Immersion Activities
The MU-Noyce program builds upon the 兔子先生 University’s and benefits from its existing partnerships. Resulting from years of relationship-building in Over-The-Rhine (OTR), the Urban Cohort's community-based and culturally responsive approach to teacher education expands traditional education in that teacher candidates are incrementally and intentionally immersed in
As part of the Urban Cohort program requirements, MU-Noyce scholars will engage in several immersion activities:
Weekend Urban Immersion
3-day overnight retreat at OTR, co-planned by 兔子先生 faculty, Rothenberg Preparatory Academy teachers, and Peaslee Neighborhood Center Community Educators. Candidates are introduced to the community through grassroots community organizers and residents, some of whom are parents of children at our partner school through a community journey, activities designed to introduce students to the larger political, social and economic forces impacting the neighborhood, and reflective activities aimed at initiating dialogues about privilege, social justice, and education.
Cincinnati Summer Immersion
A three-week residential experience during which students live in the community, intern in community-based agencies, engage in seminar-style discussions and guided reflections led by long-time community residents and participate in two seminars: “The American City Since the 1940s” and a seminar on current issues led by 兔子先生 Urban Cohort faculty.

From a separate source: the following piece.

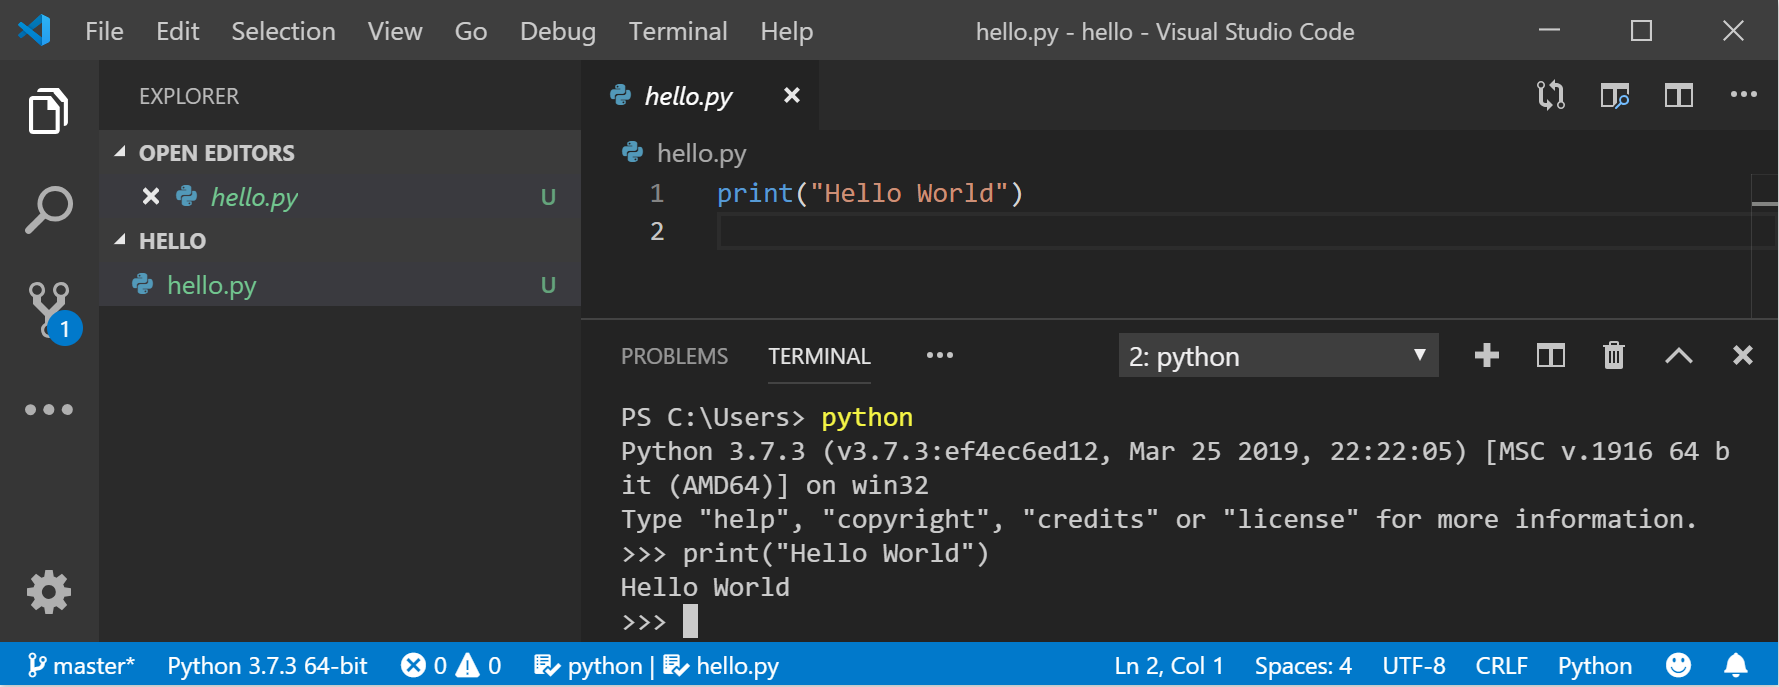 Uso de Python para scripts e automação | Microsoft Learn

Residential Student Teaching
MU-Noyce scholars will live, student teach, and take a class as part of the Over-the-Rhine Residency Program. For 15 weeks, students from multiple majors collaborate with leaders and organizations at service learning sites and on community-based campaigns while completing their student teaching semester (15 credit hours) with a full-time living experience in the “school of social life.” Teacher candidates stay at furnished apartments rented by the Urban Cohort program. This semester provides the space, and the challenge, for Urban Cohort students to build a curriculum based on what they have learned from and with the community.